Simon Willison’s Weblog: Updated production-ready Gemini models

Source URL: https://simonwillison.net/2024/Sep/24/gemini-models/#atom-everything
Source: Simon Willison’s Weblog
Title: Updated production-ready Gemini models

Feedly Summary: Updated production-ready Gemini models
Two new models from Google Gemini today: gemini-1.5-pro-002 and gemini-1.5-flash-002. Their -latest aliases will update to these new models in “the next few days", and new -001 suffixes can be used to stick with the older models. The new models benchmark slightly better in various ways and should respond faster.
Flash continues to have a 1,048,576 input token and 8,192 output token limit. Pro is 2,097,152 input tokens.
Google also announced a significant price reduction for Pro, effective on the 1st of October. Inputs less than 128,000 tokens drop from $3.50/million to $1.25/million (above 128,000 tokens it’s dropping from $7 to $5) and output costs drop from $10.50/million to $2.50/million ($21 down to $10 for the >128,000 case).
Gemin has always offered finely grained safety filters – it sounds like those are now turned down to minimum by default, which is a welcome change:

For the models released today, the filters will not be applied by default so that developers can determine the configuration best suited for their use case.

Also interesting: they’ve tweaked the expected length of default responses:

For use cases like summarization, question answering, and extraction, the default output length of the updated models is ~5-20% shorter than previous models.

Tags: gemini, google, generative-ai, ai, llms

AI Summary and Description: Yes

Summary: Google has updated its Gemini models, introducing new efficiency features along with significant price reductions. The latest versions enhance performance metrics while allowing developers more control over safety filters.
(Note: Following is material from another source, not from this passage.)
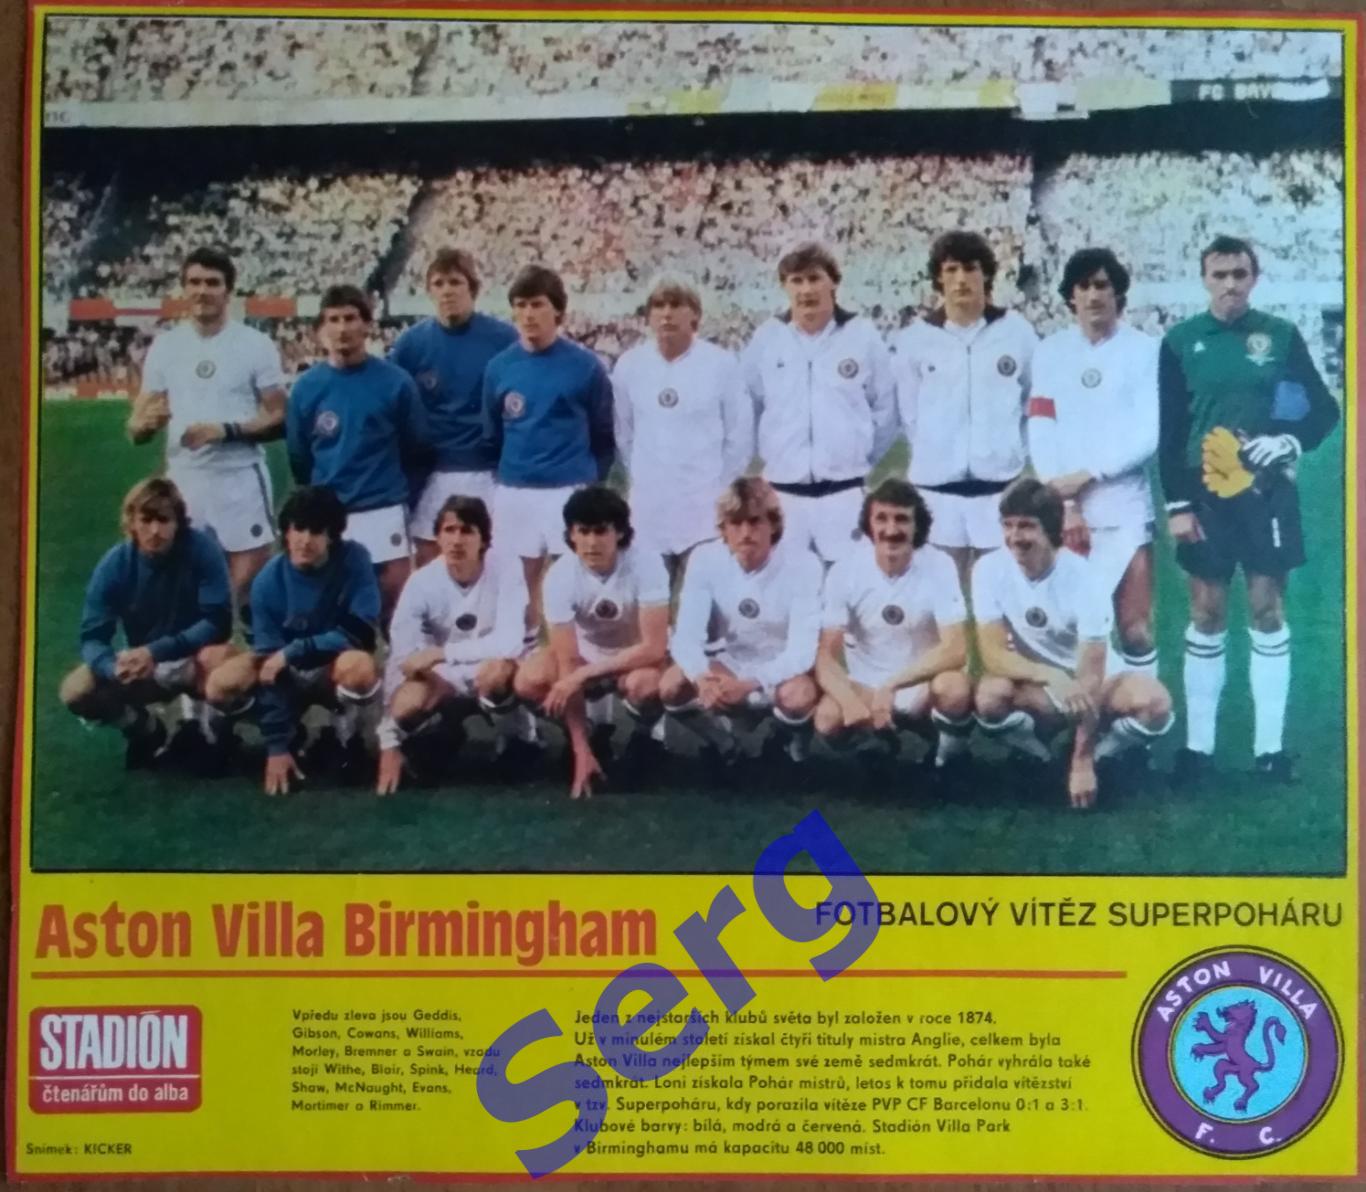 Постер Астон Вилла Бирмингем, Англия из журнала Стадион/Stadion
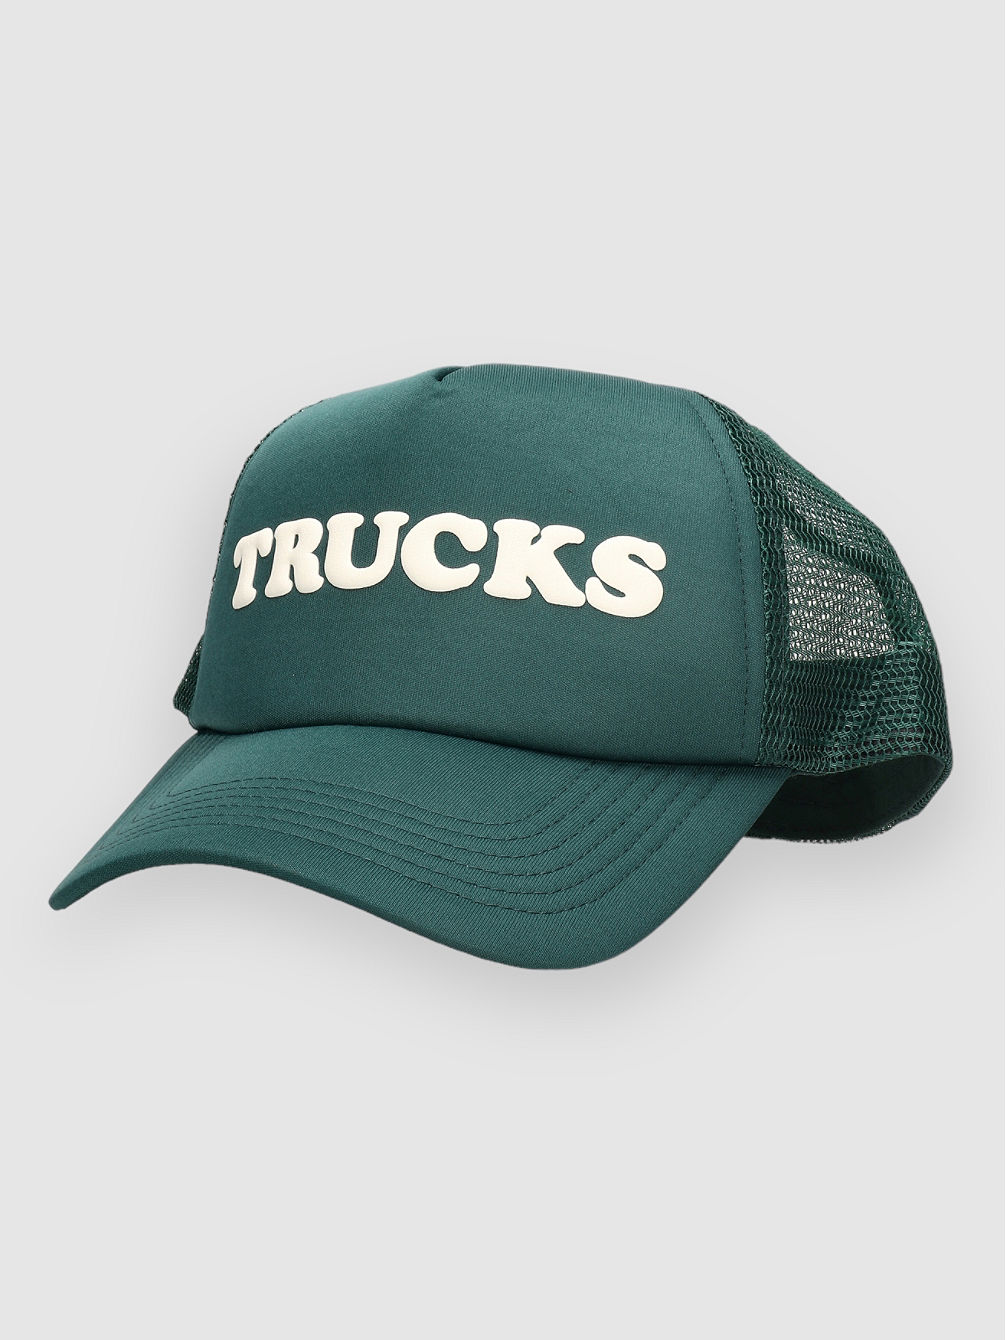 Trucks Trucker Lippis

Detailed Description: The introduction of the Gemini-1.5 series models represents an important advancement in the generative AI landscape from Google. Here are the key points about the latest updates:

– **New Models**: Google launched two new models, gemini-1.5-pro-002 and gemini-1.5-flash-002, which are expected to outperform their predecessors slightly and respond faster to queries.
– **Token Limits**: The Flash model retains a token input limit of 1,048,576 and output limit of 8,192 tokens. Meanwhile, the Pro model shows a substantial increase to a 2,097,152 input token limit, enhancing its capability for complex requests or longer interactions.
– **Pricing Changes**: Google announced a reduction in pricing for the Pro model, effective October 1st. Prices for input tokens below 128,000 have decreased from $3.50/million to $1.25/million, while prices for higher inputs and outputs have also been slashed significantly.
– **Safety Filters**: A notable aspect of these new models is the modification of the safety filter settings. By default, these filters will not be applied, allowing developers the flexibility to customize configurations to better suit application needs.
– **Response Length Adjustments**: In addition, the expected response length has been reduced by approximately 5-20% for tasks such as summarization and question answering, indicating an optimization for more concise outputs.

This update is particularly noteworthy for professionals in AI, generative AI security, and those involved in managing LLMs, as it reflects a commitment from Google to enhance performance while providing more control over model configurations. The ability to adjust safety filters can have implications for compliance and privacy considerations, depending on how developers choose to implement these features.

– The price reductions could also drive wider adoption of these models among developers, potentially leading to increased competition in the AI space.
– These enhancements position Google as a strong player in the increasingly crowded generative AI market, catering to both performance needs and affordability.